これは、発行会社が経営破綻しても、利用者被害を最小限に抑えるための制度です。
該当するもの・該当しないもの
該当しやすいもの
- プリペイドカード
- 電子マネー
- チャージ式アプリ残高
- ECサイトウォレット
- 有償発行ポイント
通常は該当しないもの
- 無料配布クーポン
- 割引券
- スタンプカード
- 後払い決済
- クレジットカード
ただし、名称が「ポイント」でも、有償購入型であれば規制対象となる場合があります。名称ではなく実態判断が重要です。
事業者が見落としやすい実務ポイント
- キャンペーン用ポイントでも有償販売部分が混在している
- グループ会社利用で第三者型に該当する可能性がある
- 利用規約に払戻し禁止条項だけ入れて安心している
- 失効管理・残高管理体制が未整備
- 資金移動業との区別が曖昧
制度設計段階で確認せず開始すると、後から全面改修が必要になることもあります。
行政書士へ相談するメリット
前払式支払手段の制度は、IT・決済・会計・契約実務が交差する分野です。単に申請書を書くこと以上に、スキーム設計時の法適合性確認が重要です。
- 自家型か第三者型かの判定
- 届出・登録要否の確認
- 利用規約・約款整備
- 表示義務・残高管理体制整備
- 行政庁提出書類の作成支援
事前相談により、後戻りコストを大きく減らせます。
まとめ|プリペイド制度導入前に法的確認を
前払式支払手段は、販促・顧客囲い込み・キャッシュレス対応に有効な仕組みです。
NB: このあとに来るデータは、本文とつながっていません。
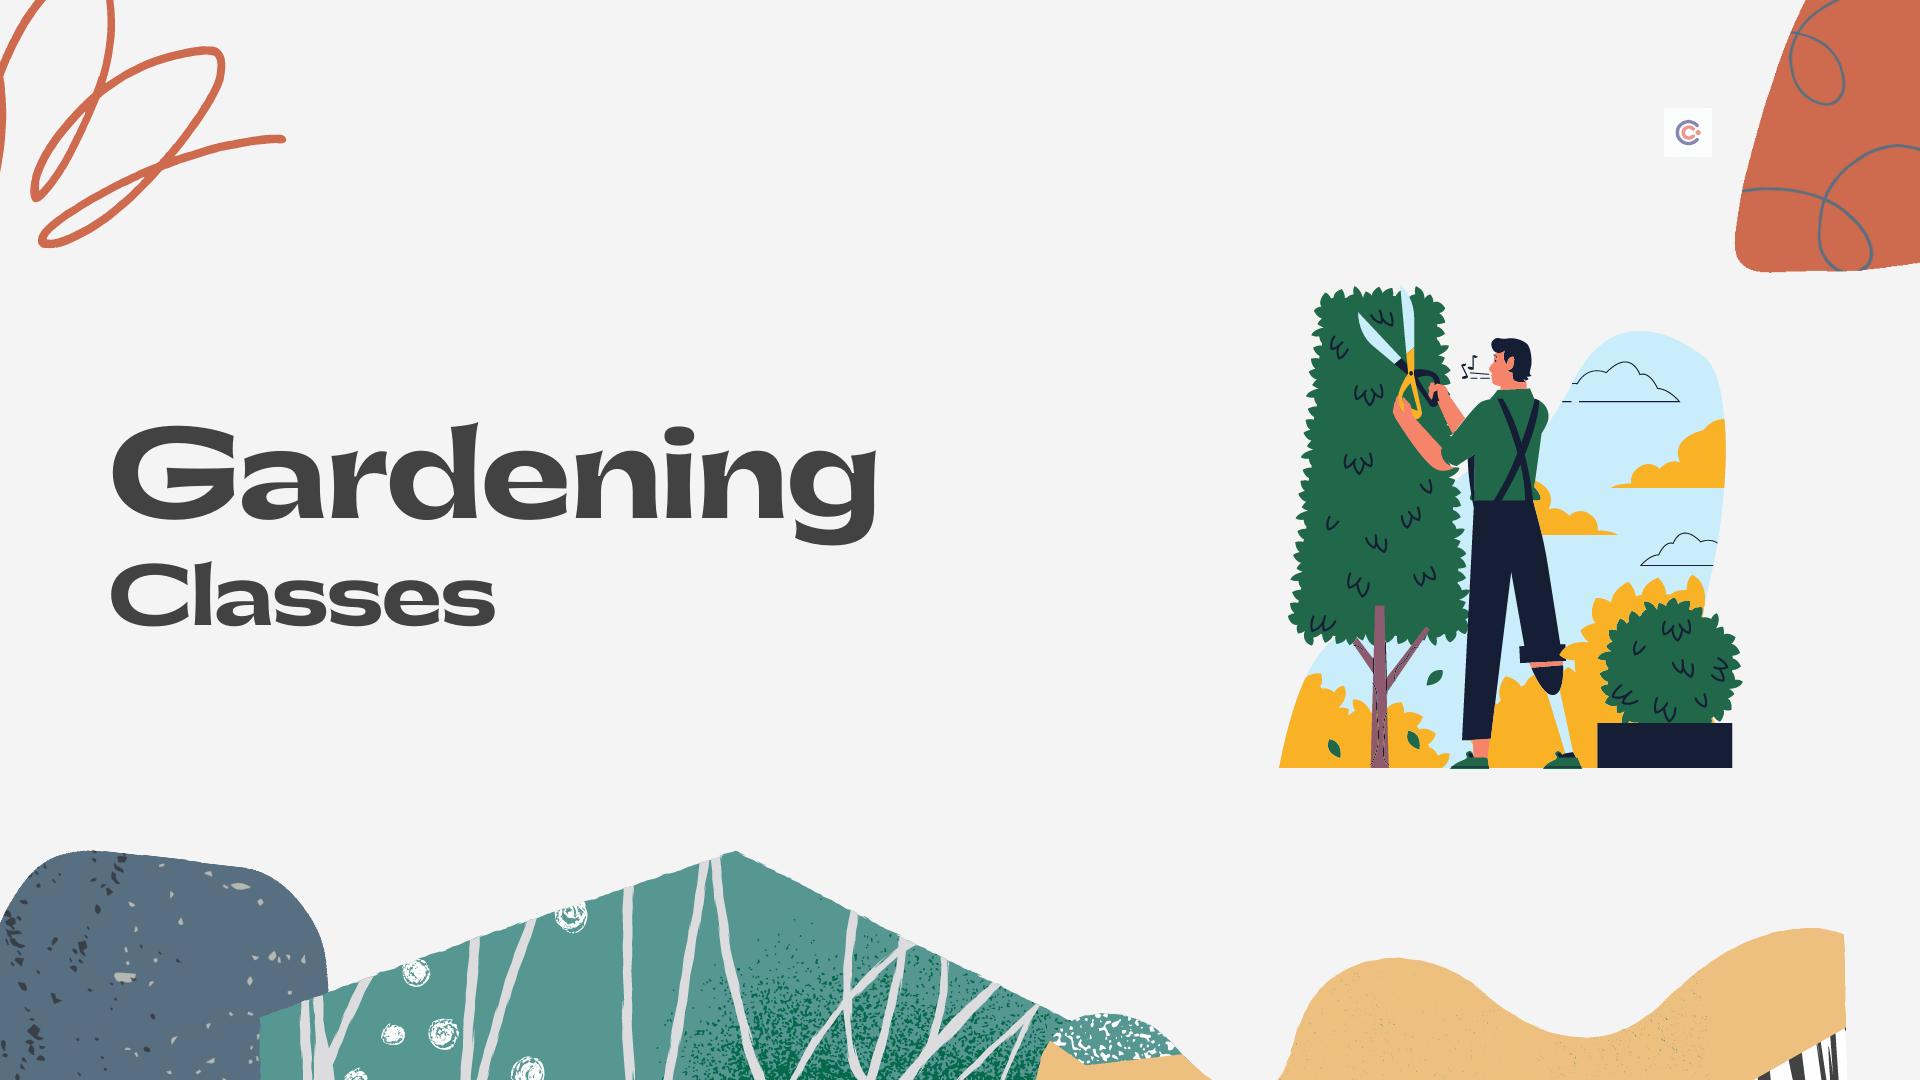 6 Best Gardening Classes - Learn Gardening Online

しかし、その裏側には利用者保護のための厳格な法規制があります。
特に確認すべきポイントは次の3点です。
- 有償で価値を発行していないか
- 自社限定か、他社でも使えるか
- 未使用残高や保全措置が必要か
商品券・電子ポイント・チャージ式サービスを始める前に、制度設計と法令確認を行うことが安全な第一歩です。
導入をご検討中の事業者様は、行政書士へ早めに相談されることをおすすめします。